Bir kadın hayatı boyunca 1,5 kilogram ruj yutuyor!
Kadınların en hassas olduğu dönem gebelik süreci olarak biliniyor. Sadece yeme içme değil, cilt bakımı konusunda da çok dikkatli davranması gereken anne adayları, bu süreçte çoğu zaman çareyi bakımdan ve kozmetik ürünlerden uzak durmakta buluyor.
Kadınların en hassas olduğu dönem gebelik süreci olarak biliniyor. Sadece yeme içme değil, cilt bakımı konusunda da çok dikkatli davranması gereken anne adayları, bu süreçte çoğu zaman çareyi bakımdan ve kozmetik ürünlerden uzak durmakta buluyor.
Hayattaki en mucizevi detaylardan biri olan gebelikte anne adayları kendilerinden çok karınlarında taşıdıkları bebeklerini düşünüyor.

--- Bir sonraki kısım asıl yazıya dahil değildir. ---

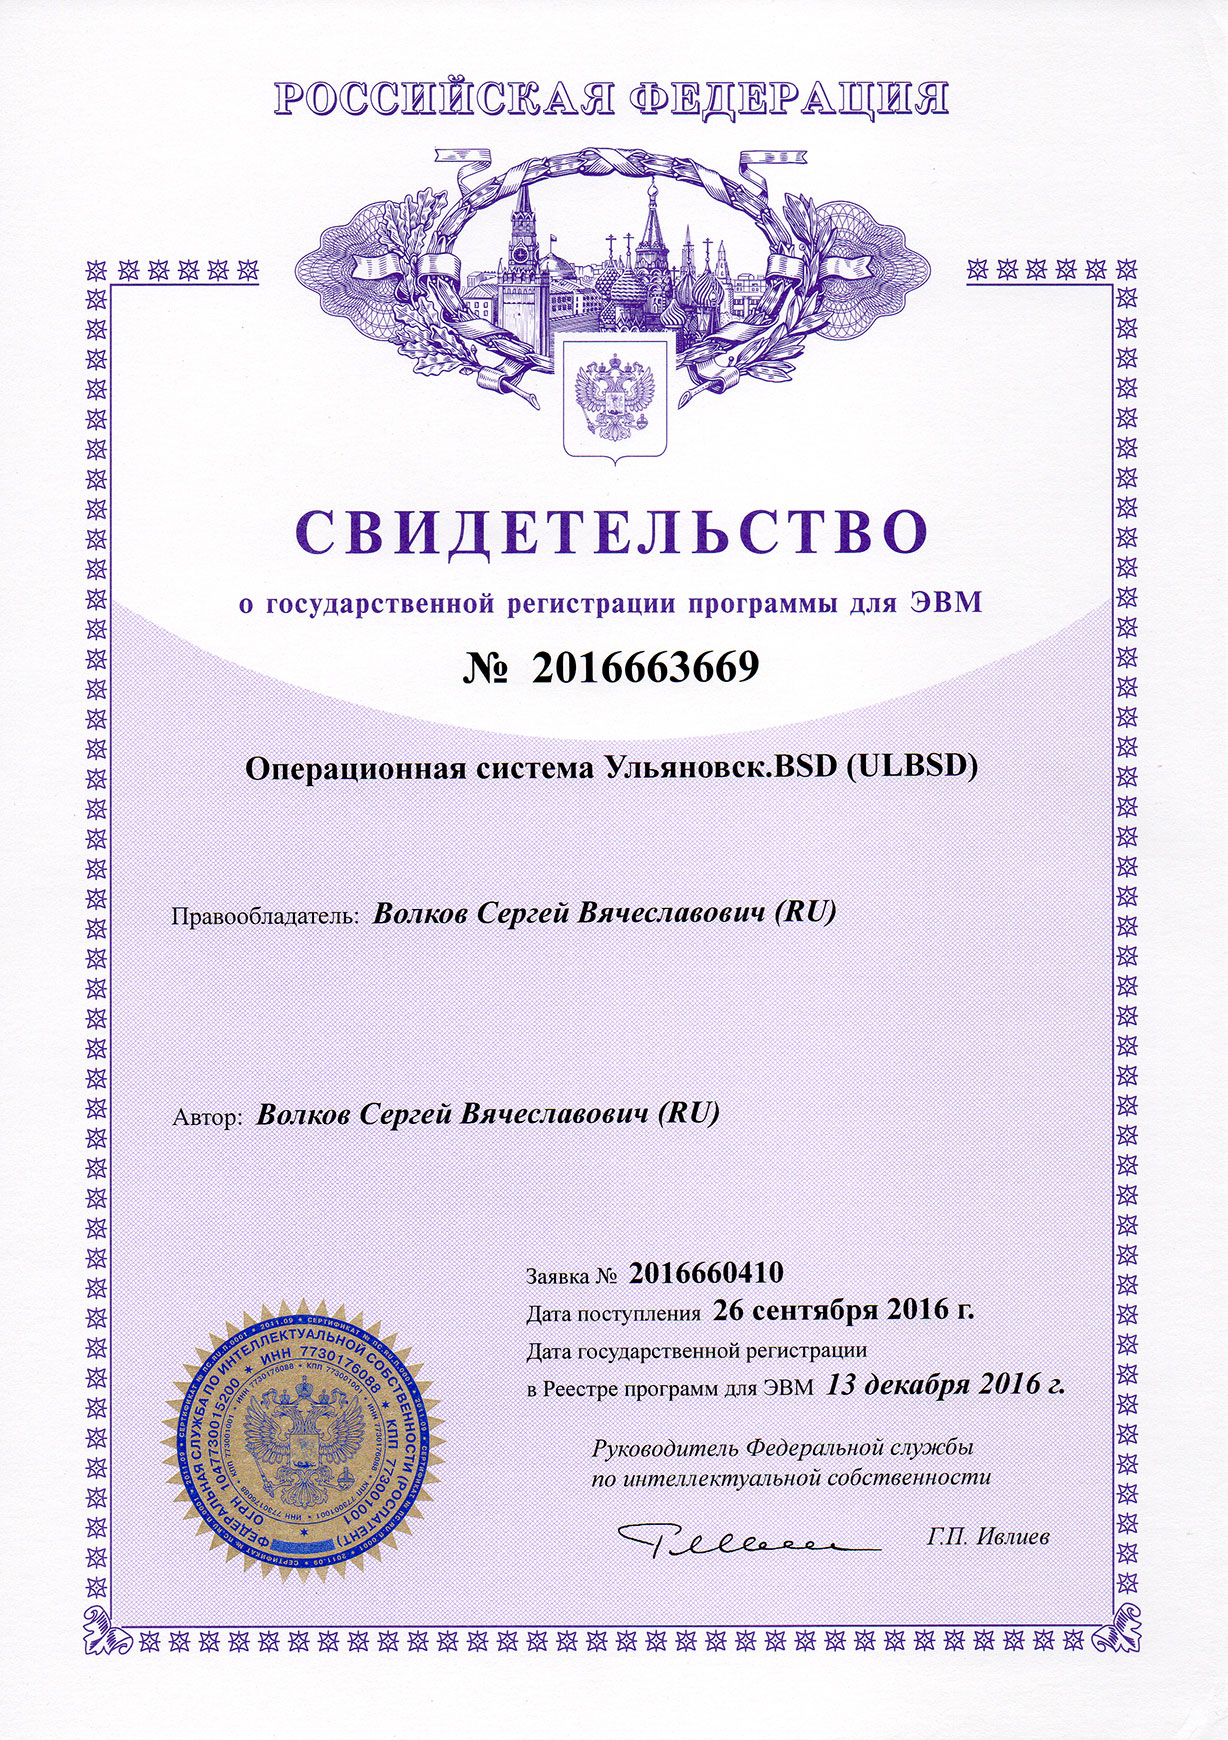 Свидетельство о государственной регистрации программы для ЭВМ: Операционная система Ульяновск.BSD (ULBSD)

Yediklerine içtiklerine ayrıca dikkat eden anne adayları, cilt bakımı konusunda da ürünlere endişeyle yaklaşıyor. “Yiyemeyeceğin kadar güvenmiyorsan, cildine sürme” mottosuyla harekete geçen cilt bakım ve kozmetik markası DrDGL, sadece gebelik süresince değil, kadınların hayatlarının her noktasında kullanabilecekleri yüzde 100 doğal ve yenilenebilir ürünleriyle hizmet veriyor.
Anne adaylarının gönül rahatlığıyla kullanabilecekleri kozmetik ürünler
“Gebelikte anne adayları çok daha seçici davranıyorlar, bebeklerine zarar verme olasılığı olan her türlü olasılıktan kaçınıyorlar” diyen cilt bakım ve kozmetik markası DrDGL'nin Kurucusu Uzm. Dr. Didem Gülmez, “Kadınların hayattaki en hassas oldukları süreç kuşkusuz ki gebelik ve emzirme dönemidir. Halk sağlığı uzmanlığı dönemimde insan sağlığına zararlı olan kimyasallarla ilgili eğitimler aldım. Kendi öz kaynaklarımızla ülkemizde üretebileceğimiz doğal aromaterapik ve tabiattan elde edilen sabit yağları kullanarak cilt bakımı ve kozmetik ürünleriyle tüm anne adaylarımızın sağlıklı şekilde güzelliklerini korumaları için ürünler üretiyoruz. En sağlıklı ve ekonomik şekilde ‘kimyasalsız yaşam’ talepleri doğrultusunda ihtiyaçları karşılıyoruz. Anne adayları ve emziren anneler hem cilde hem de doğaya dost ürünlerimizi gönül rahatlığıyla kullanabilirler. Yüzde 100 doğal ürünler sadece anne adayları ya da emziren anneler için değil tüm kadınlar için önemlidir. Artık genç kızlarımız makyaj yapmaya erken yaşta başlıyor, yüzde 100 organik ürünlerle başladıkları bakım sürecinde ailelerin de içleri rahat edebiliyor. Aslında hangi yaşta hangi şartlarda olursa olsun kadınlar ürünlerimizle sağlıklı güzelliğe sahip olabiliyor” ifadelerini kullandı.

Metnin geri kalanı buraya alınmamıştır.